• **STUDY MATERIAL**
—————
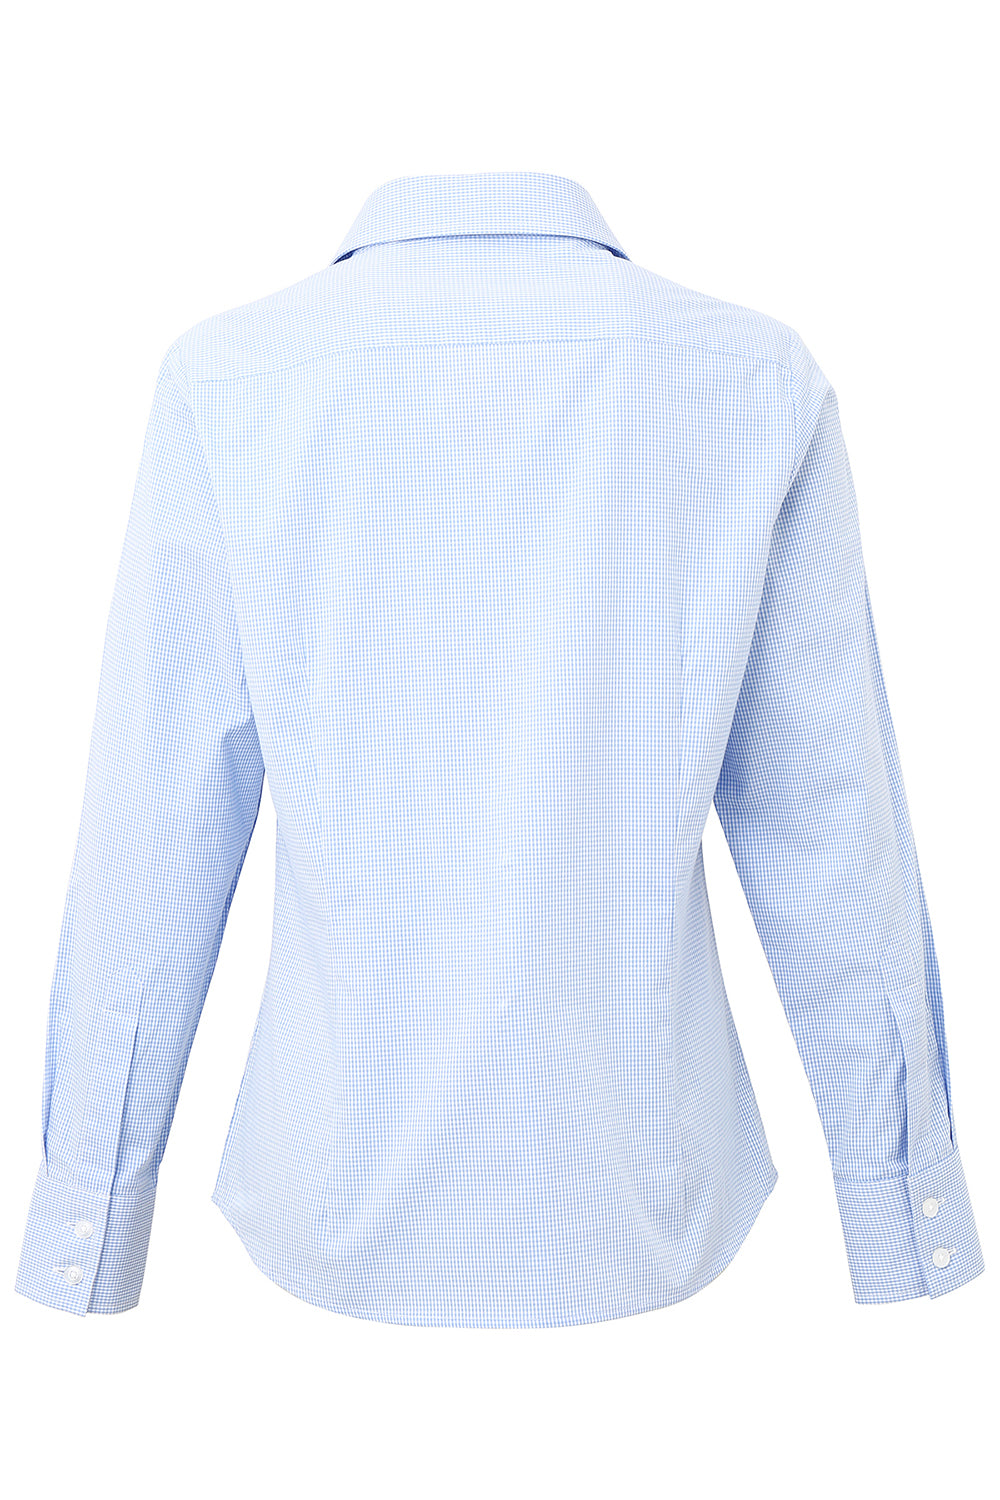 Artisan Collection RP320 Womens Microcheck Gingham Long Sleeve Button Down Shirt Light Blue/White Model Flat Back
—————
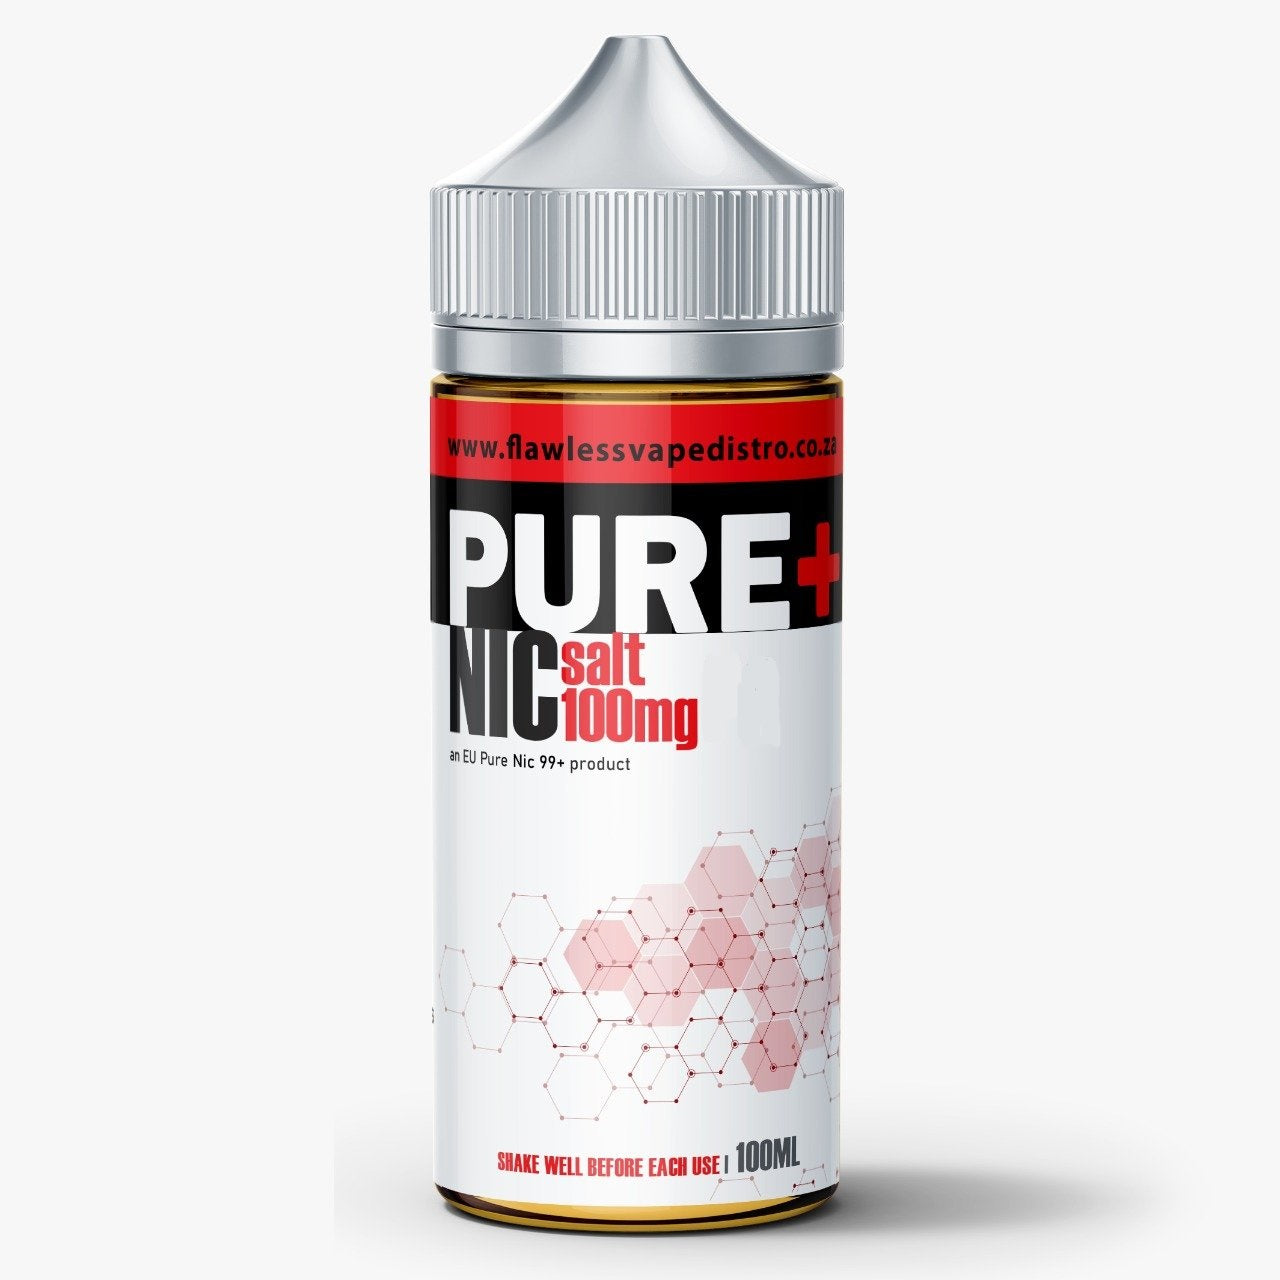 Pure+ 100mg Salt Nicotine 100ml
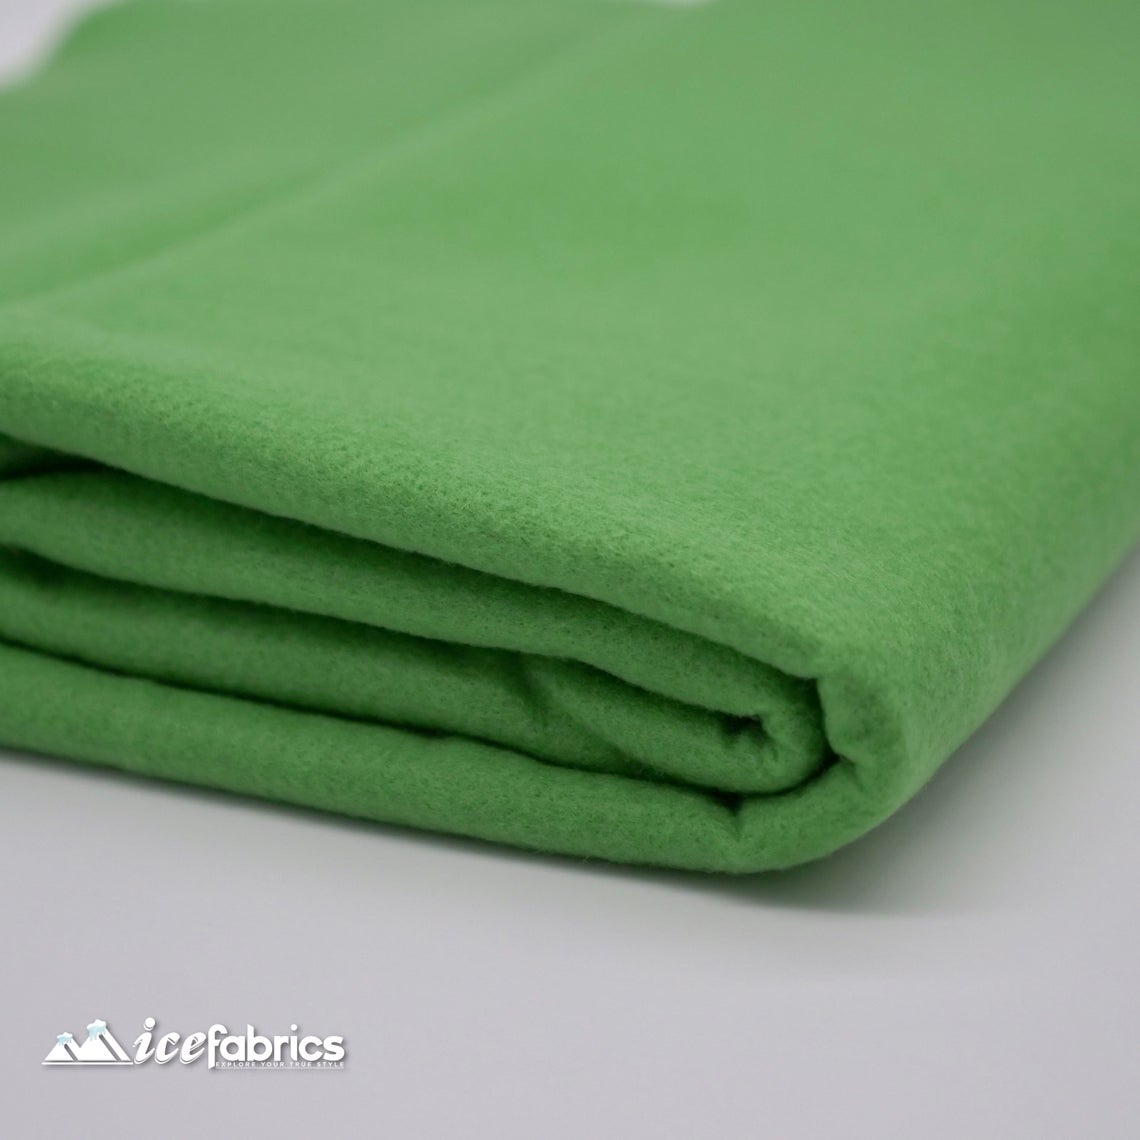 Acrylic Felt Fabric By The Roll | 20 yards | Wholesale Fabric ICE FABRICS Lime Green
—————
What is needed is an exact copy of the lines above from the one with "Pure+ 100mg Salt Nicotine 100ml" to the one with "Acrylic Felt Fabric", both ends kept, and nothing more; please leave the pictures out.

• **RESPONSE TO THE TASK**
 Pure+ 100mg Salt Nicotine 100ml
 Acrylic Felt Fabric By The Roll | 20 yards | Wholesale Fabric ICE FABRICS Lime Green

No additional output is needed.